Y esto no quiere decir que no necesitemos el sodio, que es fundamental para el adecuado funcionamiento celular; sólo quiere decir que no necesitamos añadir más sodio que el que ya tienen, de forma natural, los alimentos que consumimos.

Nuestras necesidades de sodio diarias son inferiores a 500 mg y nuestro consumo medio es de 9.000 a 10.000 mg al día. El consumo ideal de sal diario estaría entre 2 y 3 gramos, aunque las recomendaciones actuales suben la cantidad hasta los 5 gramos.

Se estima que 1 de cada 10 muertes de causa cardiovascular está en relación con un consumo mayor de 2 g/día de sal, por esa razón varias organizaciones abogan por bajar las recomendaciones a un máximo de entre 1.200 y 2.400 mg de sal al día.

Se han identificados personas especialmente sensibles a la sal de la dieta, que responden con elevaciones mayores de su presión arterial según se incrementa el contenido de sal. Esta sensibilidad a la sal es más frecuente en la raza negra, en avanzada edad, diabéticos, hipertensos, pacientes con enfermedad renal y en el síndrome metabólico. Estas personas también responden con dificultad al tratamiento con fármacos para su hipertensión si no se acompaña también de una reducción de la sal de sus dietas.

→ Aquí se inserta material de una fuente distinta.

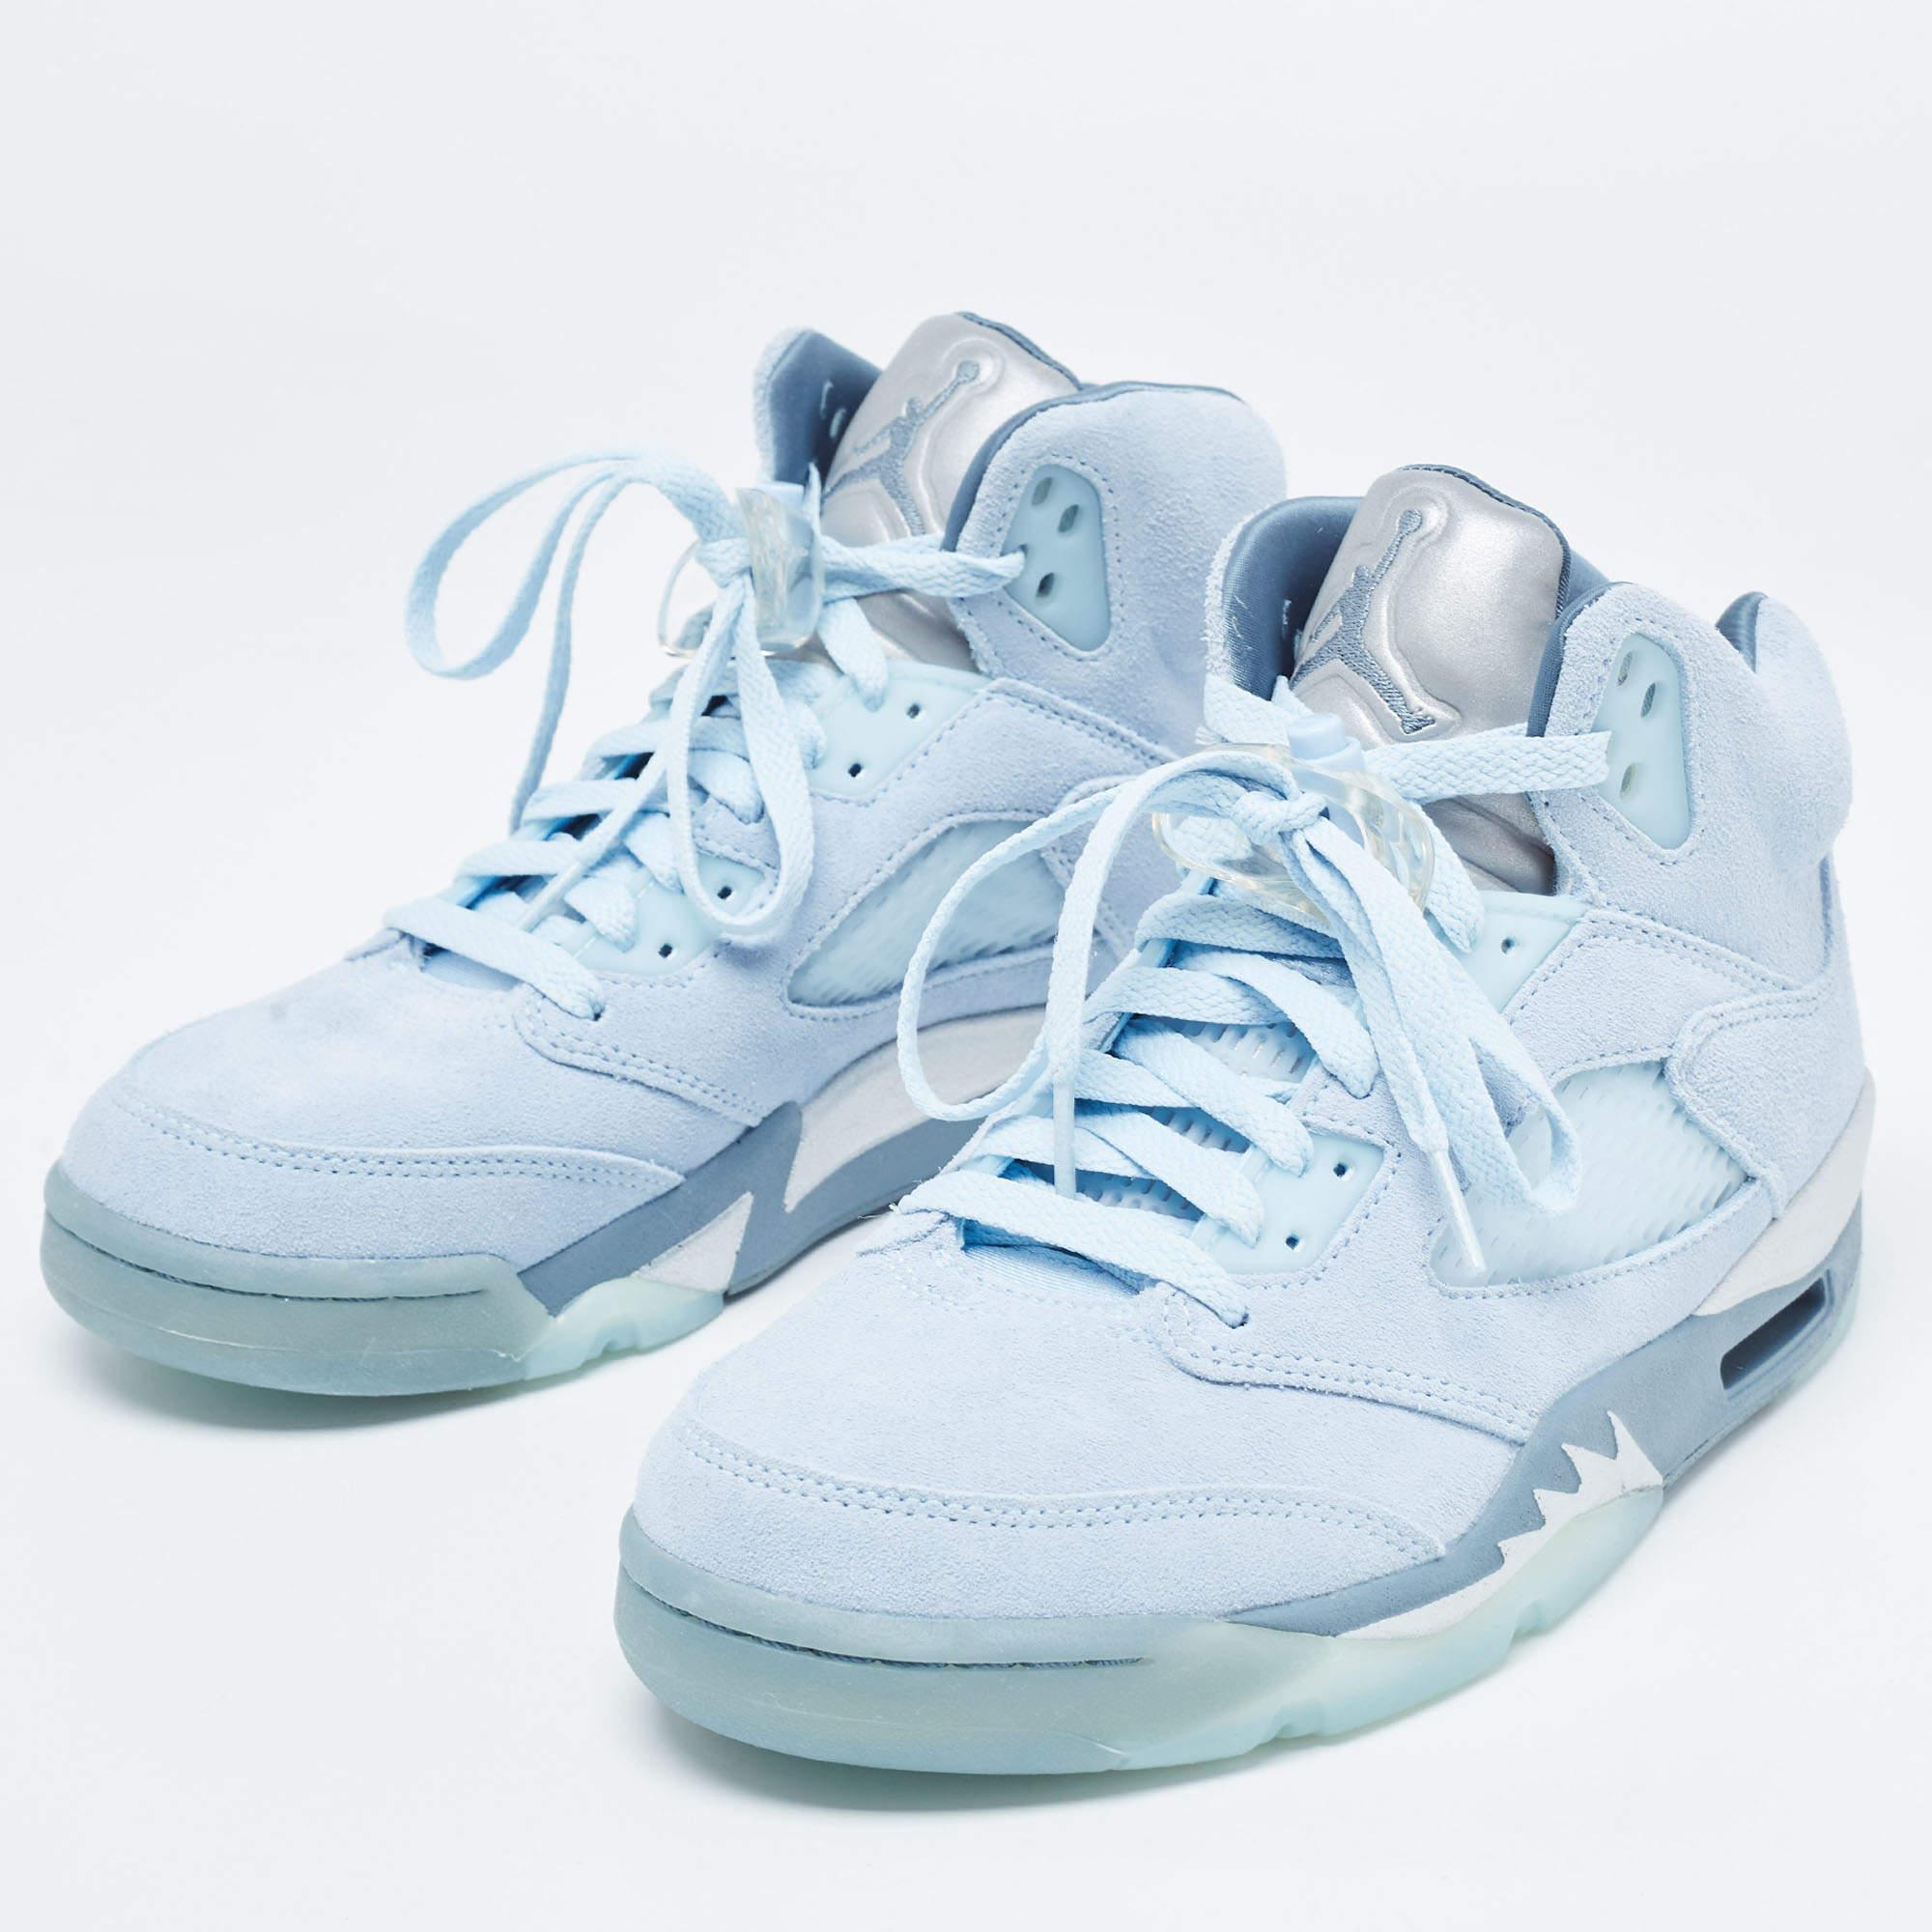 Air Jordans Blue Suede Air Jordan 1 High Top Sneakers Size 38 1
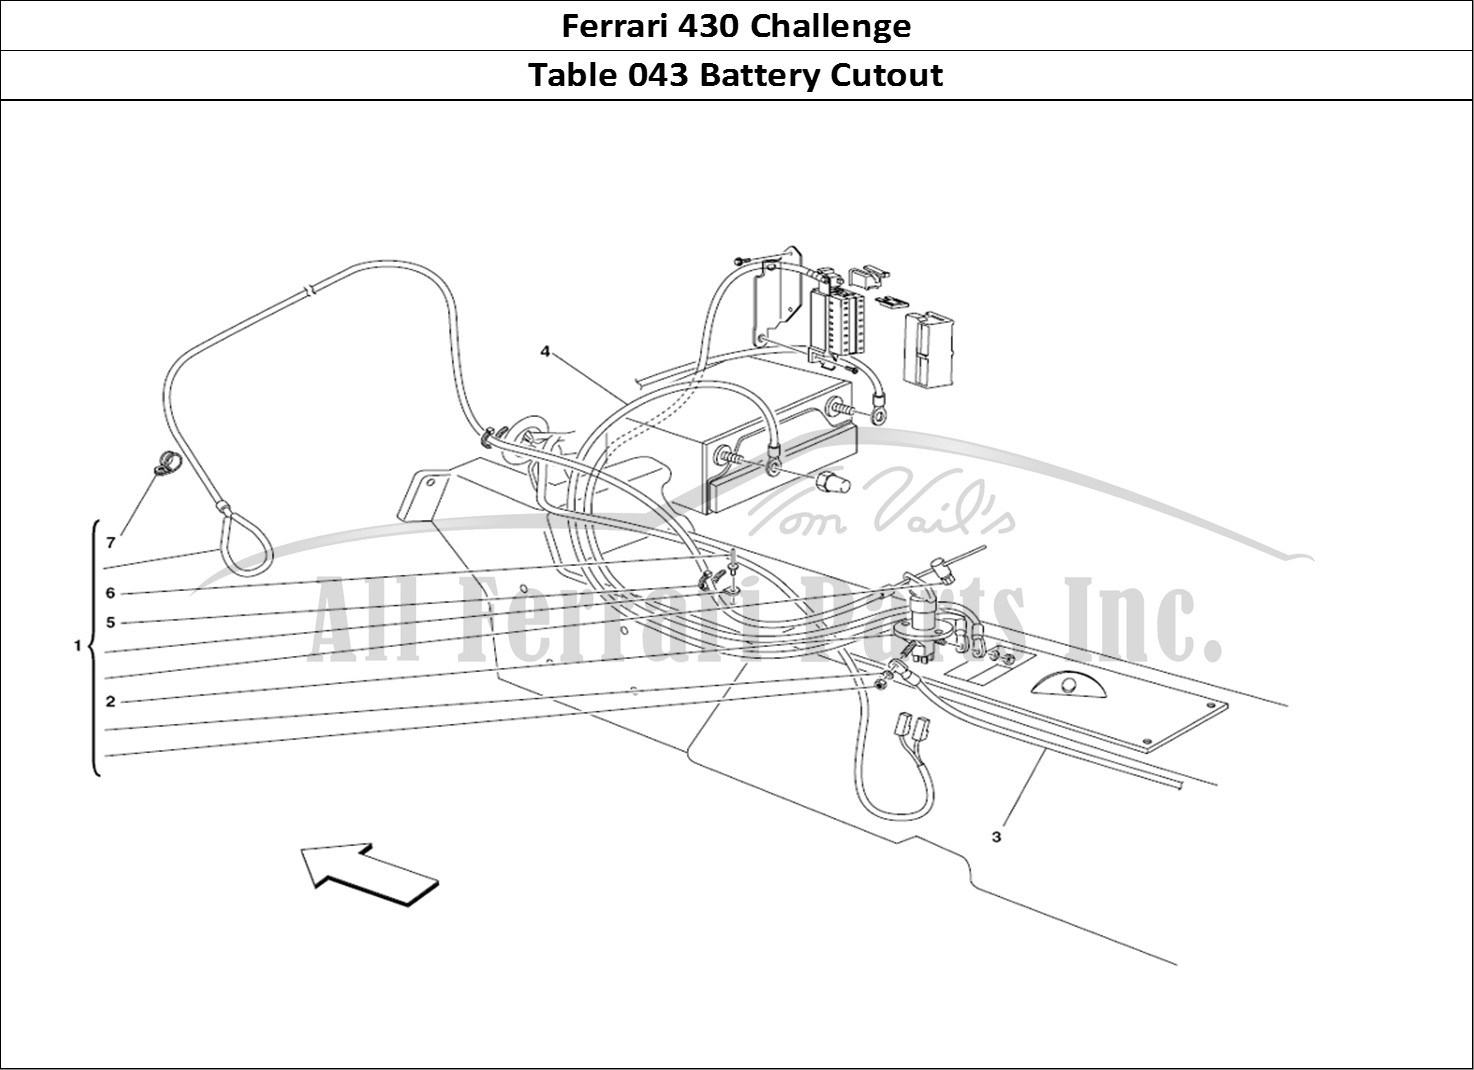 Ferrari Parts Ferrari 430 Challenge (2006) Page 043 Battery Cut-out

Pero, en general, a pesar de existir personas más sensibles al efecto de la sal y otras resistentes al mismo podríamos decir que reducir un gramo la sal en la dieta disminuye 3.1 mmHg la tensión arterial de los pacientes hipertensos y 1.6 mmHg de los normotensos. Según otros estudios, por cada 2.3 g de sal diarios que reduzcamos de nuestra dieta disminuiríamos 3.8 mmHg nuestra presión arterial.

Como ya he explicado en entradas previas (1, 2, 3) la hipertensión es uno de los factores de riesgo cardiovascular más importantes. Pero, además de la indudable relación entre el consumo de sal y los niveles de presión arterial, en al menos un amplio grupo de pacientes, la sal puede ser perjudicial para nuestra salud por otros mecanismos independientes del aumento de la tensión arterial. Existen evidencias de que puede dañar múltiples órganos y tejidos como son los vasos sanguíneos, el corazón, los riñones y áreas cerebrales que regulan el sistema nervioso autónomo.

Se ha demostrado la aparición de disfunción del endotelio arterial, aumento de la rigidez arterial, hipertrofia ventricular izquierda, deterioro de la función renal, aumento desproporcionado del sistema adrenérgico (simpático) a diferentes estímulos, enfermedad cerobrovascular y demencia. Todo ello sin un aumento asociado de las cifras de presión arterial.

Como término medio, se estima que el 80% de la sal que consumimos viene en los alimentos procesados, mientras que sólo el 20% es añadida por nosotros con posterioridad.

En conclusión, el consumo excesivo de sal no sólo aumenta el riesgo cardiovascular por el aumento asociado de la tensión arterial, sino que puede dañar de forma directa diversos órganos. Disminuir importantemente el consumo de alimentos procesados reduciría hasta en un 80% nuestro aporte diario de sal y también disminuiría la fuente principal de grasas trans, que se reconocen como las más perjudiciales para nuestra salud cardiovascular.